Oct. 23, 2012
Jesus’ most famous parable in Luke 15 tells the story of a rebellious young man usually dubbed “the Prodigal Son” who demanded his share of his father’s inheritance while his dad was still alive, shameful enough, but then went off into “the far country” to squander it on riotous living. A modern-day prodigal and his mother have written their story, telling parallel stories from each one’s perspective. The son’s “far country” included drug dealing, living it up as a party animal, and gay promiscuity leading to a diagnosis of AIDS. But God brought both mother and son out of the far country to Himself.
Because I am privileged to walk with a number of people out of their own personal “far countries” of homosexuality, Out of a Far Country was a compelling read for me. But because I am also a mother, Angela Yuan’s testimony of trusting Christ and then entrusting her beloved son into His hands again and again as a faithful prayer warrior, was deeply encouraging as well.
I was reminded of several lessons on prayer through this book.
First, it’s better to pray big than to try to micro-manage the outcome. Angela continued to relinquish her own desires for her son to the Lord’s better plan, which was for Christopher to walk in his true identity as a beloved child of a loving heavenly Father. When her son was angry and rebellious, she kept her eyes focused on the Lord instead of Christopher. She writes, “I started fasting and praying, asking God for wisdom and discernment. I had no idea what it would look like, but I had a clear sense that Leon and I needed to step aside and get out of the way so that God could work in Christopher’s life.”
When Christopher was three months away from graduating from dental school, he learned he was expelled because of his foolish, illegal and sinful choices. His parents went to meet with the dean. Both the dean and the son expected the senior Yuans to put pressure on the school, but instead, Angela said, “Actually, it’s not important that Christopher becomes a dentist. What’s important is that Christopher becomes a Christ follower. Leon and I have flown down to Louisville to tell you”—I looked over at Leon—”that we will support whatever decision you make.

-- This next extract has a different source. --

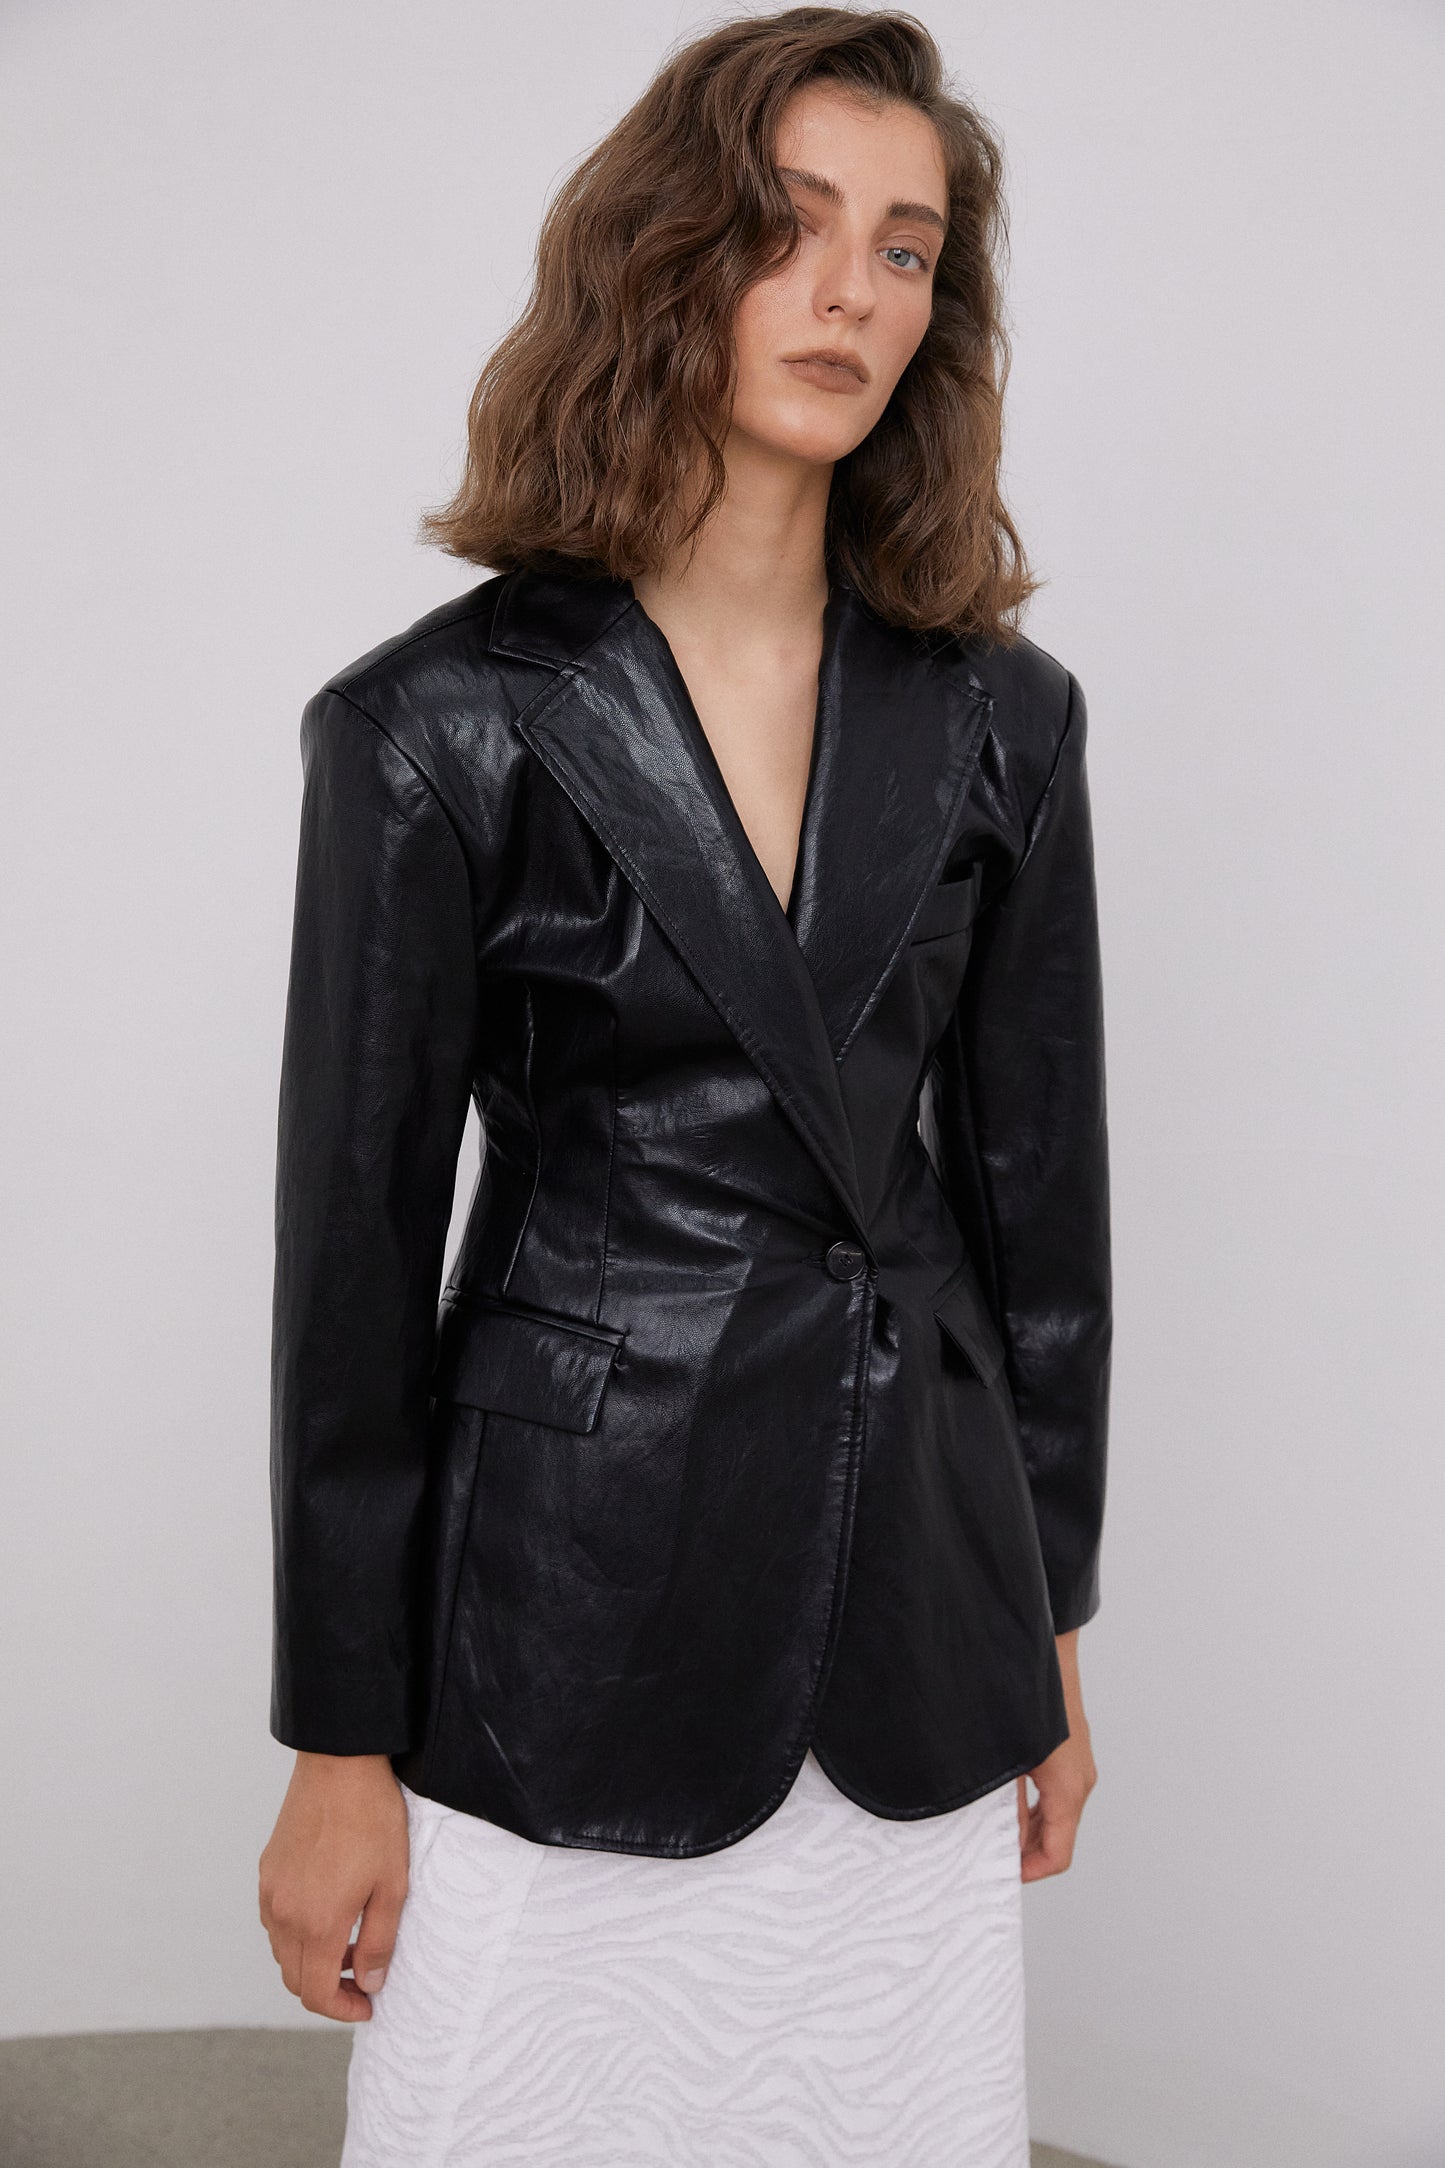 Cinched Waist Metallic Leather Jacket, Black

I only pray that my son will turn to God.”
And he did. It didn’t happen until he was incarcerated for his drug dealing, but God answered the far more important prayer.
Second, let go of your time line. We are such impatient people! We start praying and we want God to answer in the next day. Or week. Or month. But while He is at work behind the scenes, unscrambling the mess we tend to make of our lives, we don’t think He is listening or answering. Angela prayed for years for God to bring Christopher out of the far country, and when He did, it was glorious. Christopher went from prison, where he met the Lord Jesus, to Moody Bible Institute, and then graduate school at Wheaton College, and now has a worldwide ministry telling his/their story and bringing great glory to God in the process.
Third, prayer is essential for the spiritual battles against the forces of darkness. Christopher’s choices to engage in ongoing sexual sin, drug use and wild living went hand-in-hand with a spirit of rebellion and a strong delusion. Both of these involve demons, because his sinful choices opened up doorways to demonic influence. The Yuans’ book provides plenty of examples of the spiritual blindness that resulted. But Angela’s faithful time in the Word of God and intercessory prayer tore down the strongholds that held her son captive to his fleshly desires and his spiritual bondage. She turned a shower stall into her prayer closet, where she spent literally hours every day immersing herself in the Bible and prayer.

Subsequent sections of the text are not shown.